The established approach for tool integration is direct Tool-Calling: the LLM selects a tool, calls it, receives the result back into its context, and decides on the next step. While straightforward, this approach has significant drawbacks rooted in the stateless nature of LLMs: Every tool result must be fed back into the context. For multi-step tasks, token usage compounds rapidly since the entire conversation history — including all previous tool results — must be re-sent with each subsequent LLM call.

Furthermore, all logic such as filtering, aggregation, and data transformation is performed implicitly by the LLM through probabilistic next-token prediction instead of deterministic computation. Results can be unreliable — especially with large or complex data.

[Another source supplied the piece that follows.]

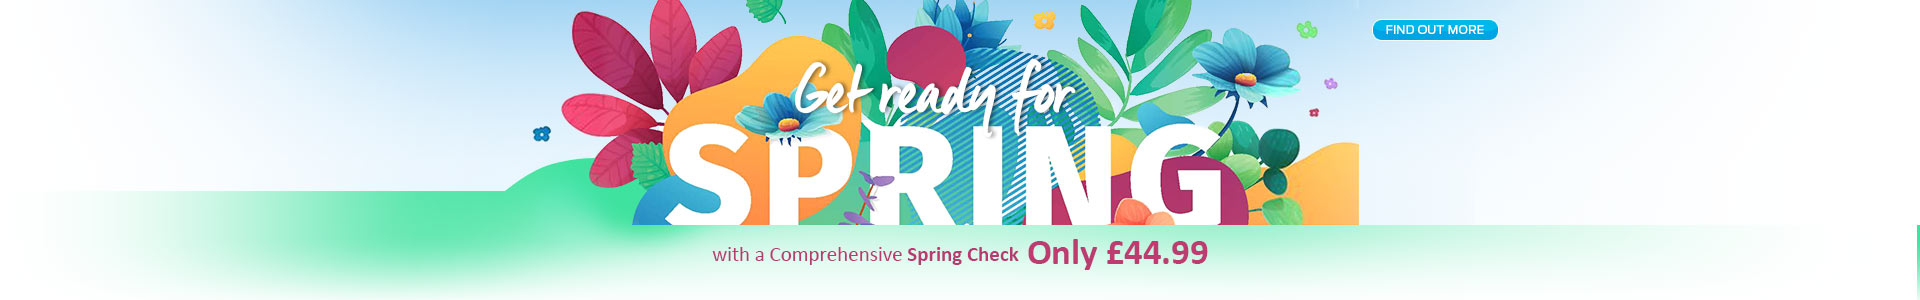 Get ready to enjoy Spring with a Busseys Spring Check

Code-Generation as an Alternative

In late 2025, Anthropic and Cloudflare proposed an alternative approach: Code-Generation (also referred to as Code Execution, Code Mode or Programmatic Tool Calling). Instead of presenting tools as directly callable tools, they are described to the LLM as TypeScript function signatures. The LLM then generates code that orchestrates these functions — with loops, conditionals, and data transformations expressed explicitly in code. This code is executed in an isolated sandbox environment, and only the final result is returned to the LLM's context.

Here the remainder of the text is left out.